Friday, November 12, 2010

Are My Missing Something?

This is really concerning. I'm wondering if I'm missing something?
If you really get into the guts of the Simpson-Bowles deficit plan, what you'll find are a lot of caps. Most of the early savings come from a cap on discretionary spending that "rolls discretionary spending back to FY2010 levels for FY2012, requires [a] 1% cut in discretionary budget authority every year from FY2013 though 2015" and then indexes discretionary spending growth to inflation from 2015 to 2020. They've got some "recommendations on how to apply the caps," which mostly apply to congressional procedure, and they offer ideas for where the discretionary cuts might come from, but those are just "illustrative." The plan is the cap, and however you hit the cap, it nets you $1.46 trillion by 2020.

This makes even less sense.
There's also a cap on taxes. That's a bit odd, as there's no real reason a commission dedicated to reducing the budget deficit should be limiting the revenues we can bring in to reduce that deficit, but it's there nonetheless. The cap is 21 percent of GDP, which is a bit above the 19 percent of GDP that's been the historical average, and the 18.5 percent of GDP that was the case in 2007. Again, they don't say how exactly we should hit that level, but they offer some options, and note that if we get there, it'll net us $751 billion by 2020.

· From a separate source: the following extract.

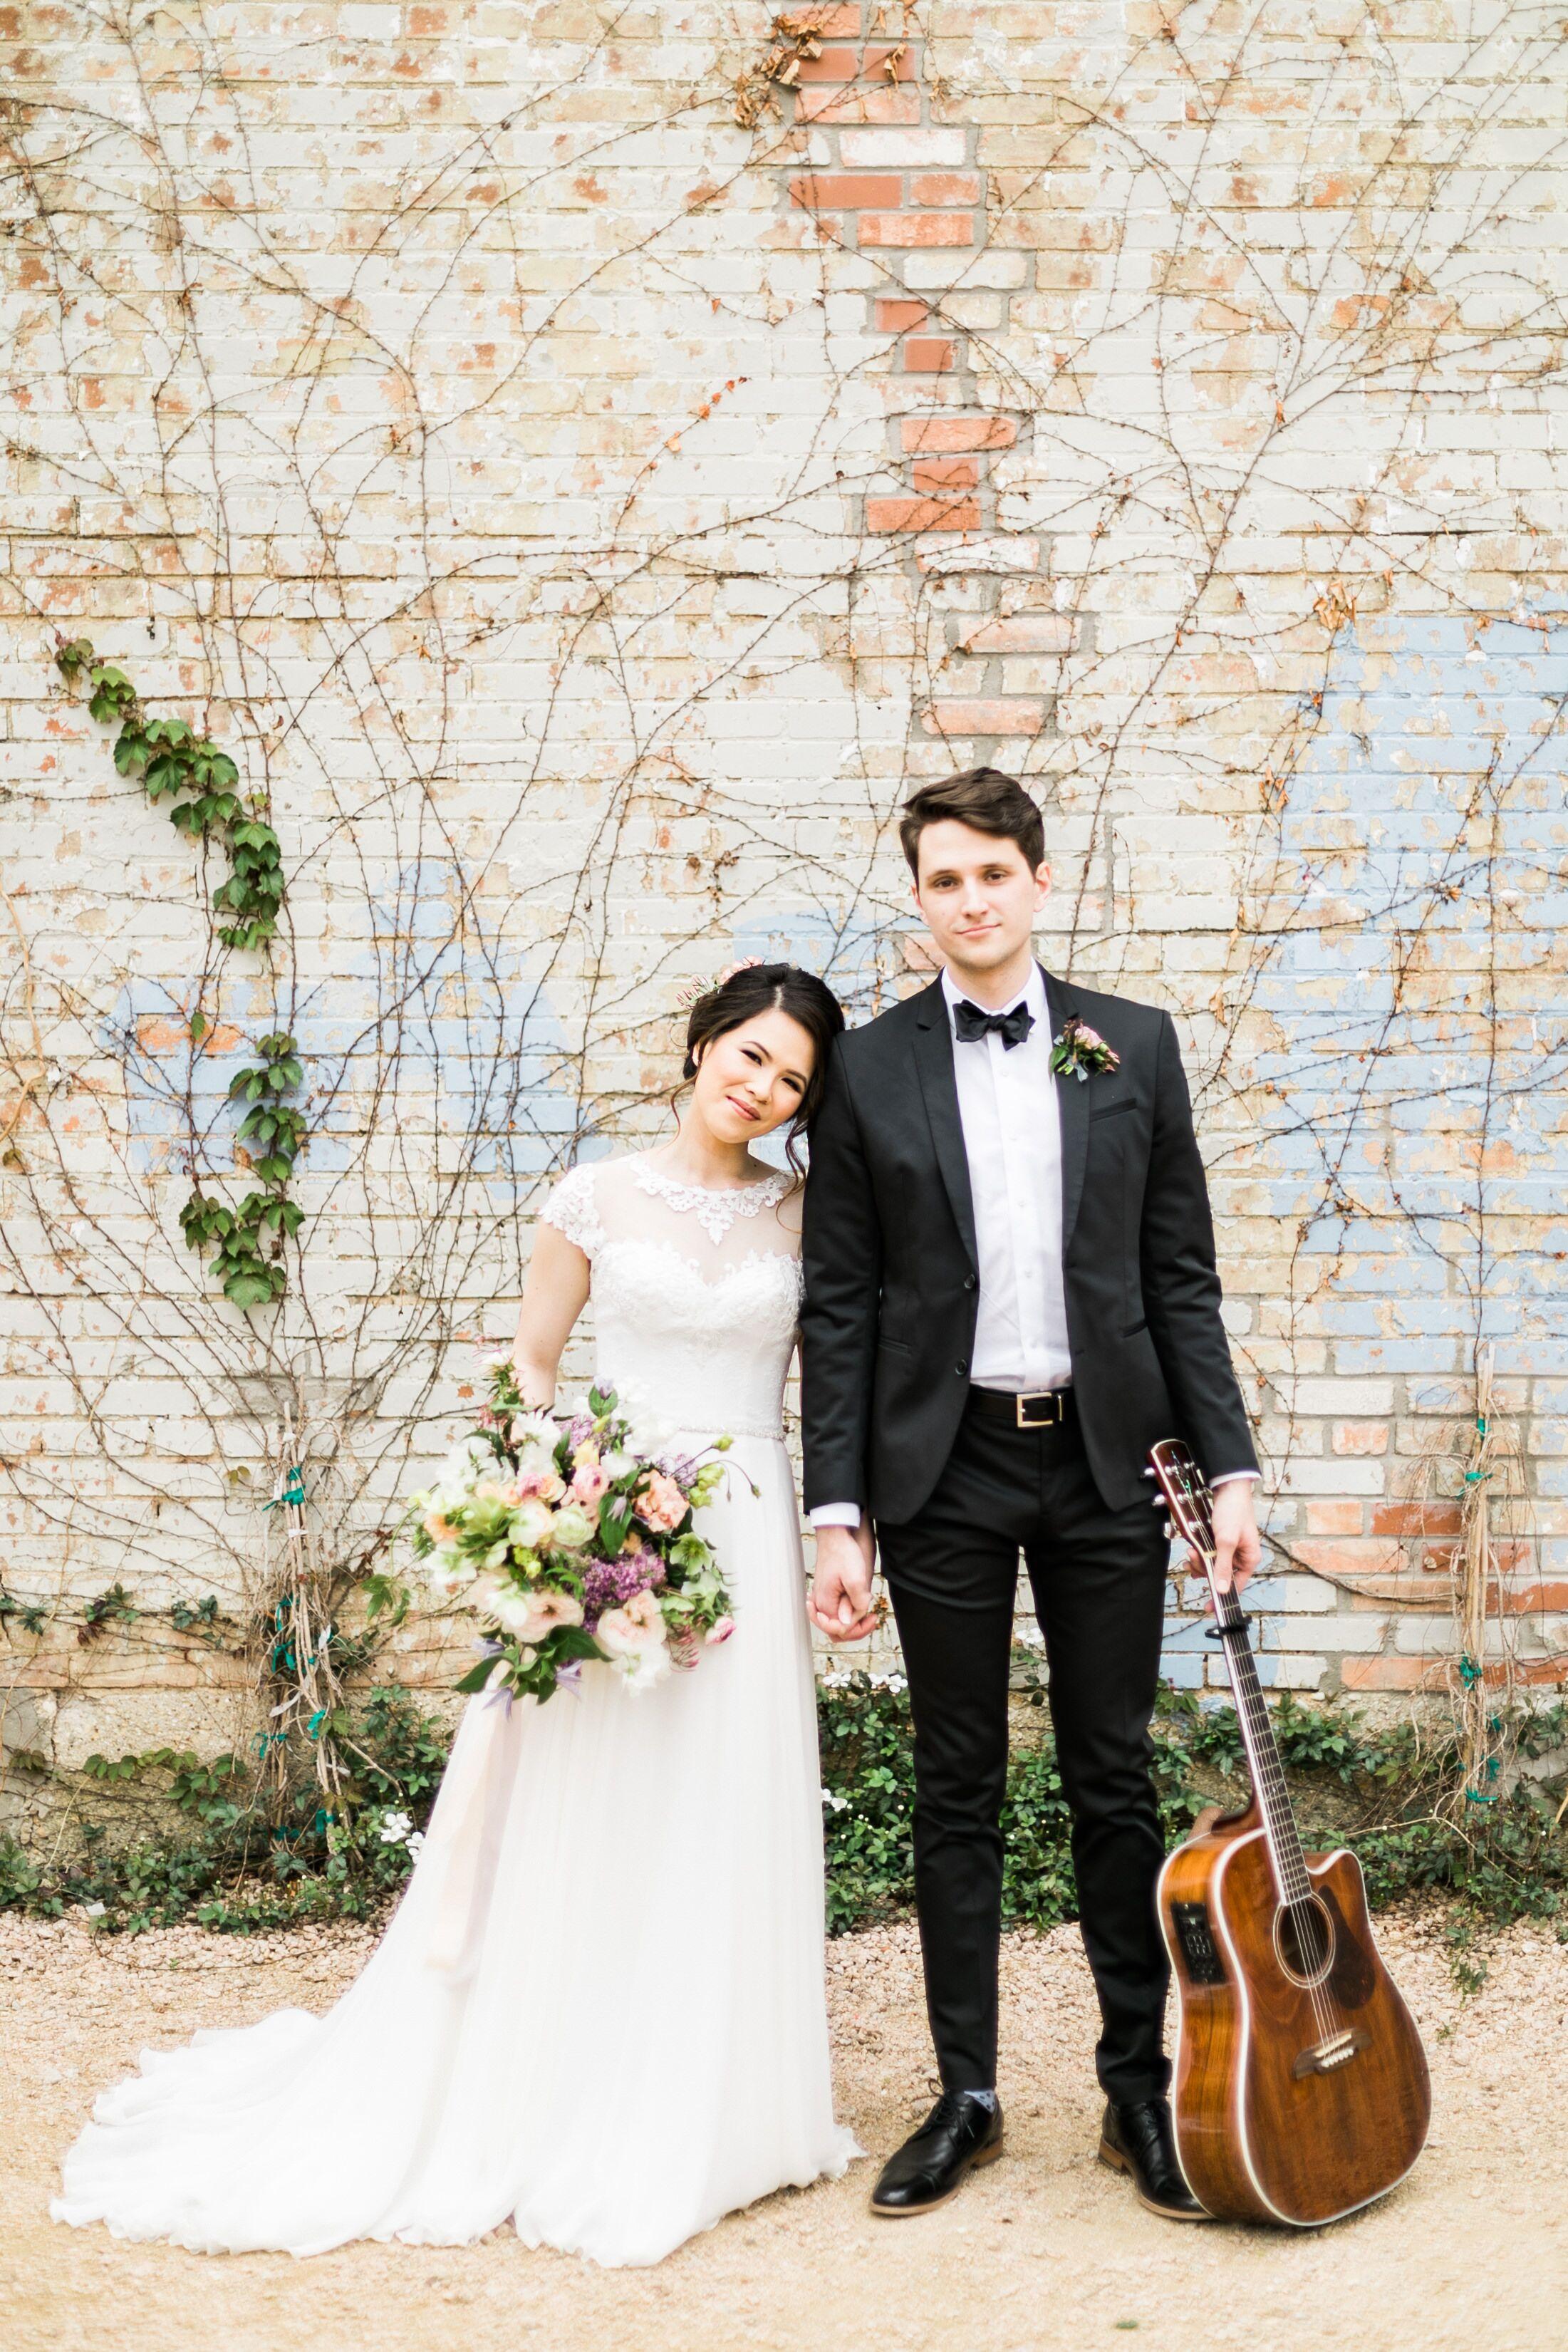 An Elegant Industrial Wedding At Brik Venue In Fort Worth Texas

And that's most of the plan. It's also the best way to think about the plan. Even if Congress did seriously consider this proposal, the details would never make it through the legislative process intact. The commission doesn't pretend otherwise, offering "illustrative" specifics rather than throwing its weight behind detailed plans. What they've largely outlined are the spending and revenue targets they think we'll need over the next few decades, and the areas we need to consider if we're to hit them. In their telling, that means more revenues and fewer tax expenditures (like the mortgage-interest deduction), less discretionary spending in both the defense and non-defense sectors, some reforms to Social Security and, over the long-term, substantially slower growth in the health-care sector.

So wait. Nothing's spelled out. Nothing's going to make it through as is. And wait up, it curbs Social Security, doesn't have a carbon tax, and has cuts to defense spending. Seems a little worrying.